Remarkable migration
To test what happens to the blood, she used a chemical called astakine 1, which controls the production of haemocytes, to tweak the number that were coursing around live animals. This, she found, also changed the number of cells in the niche. And more haemocytes meant more baby neurons.
Beltz's team then extracted haemocytes from "donor" crayfish, labelled them with a DNA dye and pumped them back into different "receptor" crayfish. Three days after transfusion, the label showed up in cells in the niche. Seven days later it was at the base of clusters 9 and 10. And seven weeks after transfusion the labelled cells were producing neurotransmitters, the chemicals that neurons use to communicate with each other.
Exactly how the blood cells are reprogrammed to become brain cells is a mystery, but understanding the mechanism could help us devise new therapies to reprogram human cells, says Beltz.
"The study is very thorough," says Chris Mason of University College London. It shows that two cell systems that are normally thought to be completely separate – cells that make blood and cells that make neurons – can cross over.
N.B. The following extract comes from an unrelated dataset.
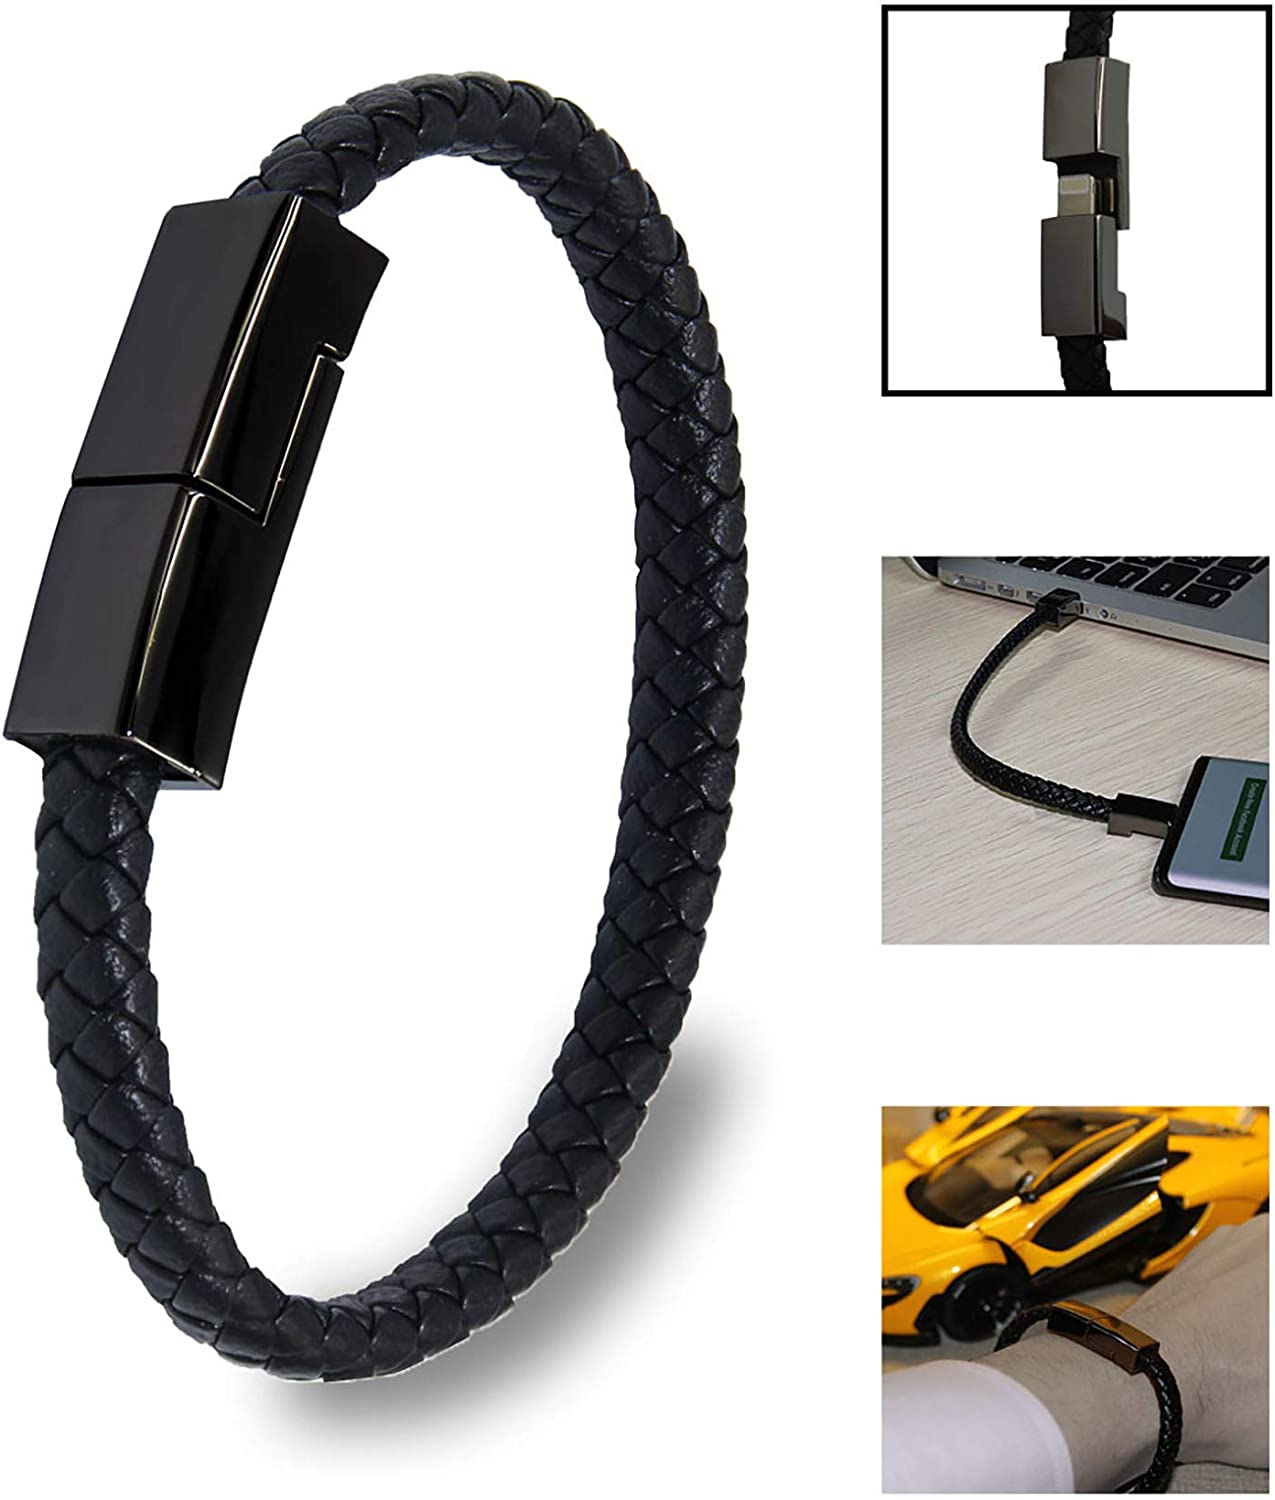 A collage of 4 photos. The main image is of a USB cell phone charging bracelet. The remaining 3 images are showing the bracelet being used in various situations.

How to regenerate neurons is a key question for those studying neurodegenerative conditions like Parkinson's disease. Several groups try to persuade stem cells to turn into neurons, and Beltz points out that the precursor neurons in crayfish are similar to human stem cells with the exception that the human versions self-regenerate. In humans, after a stem cell splits in two, only one of the daughter cells migrates away and differentiates into a specialised cell, leaving one behind to produce more daughter cells.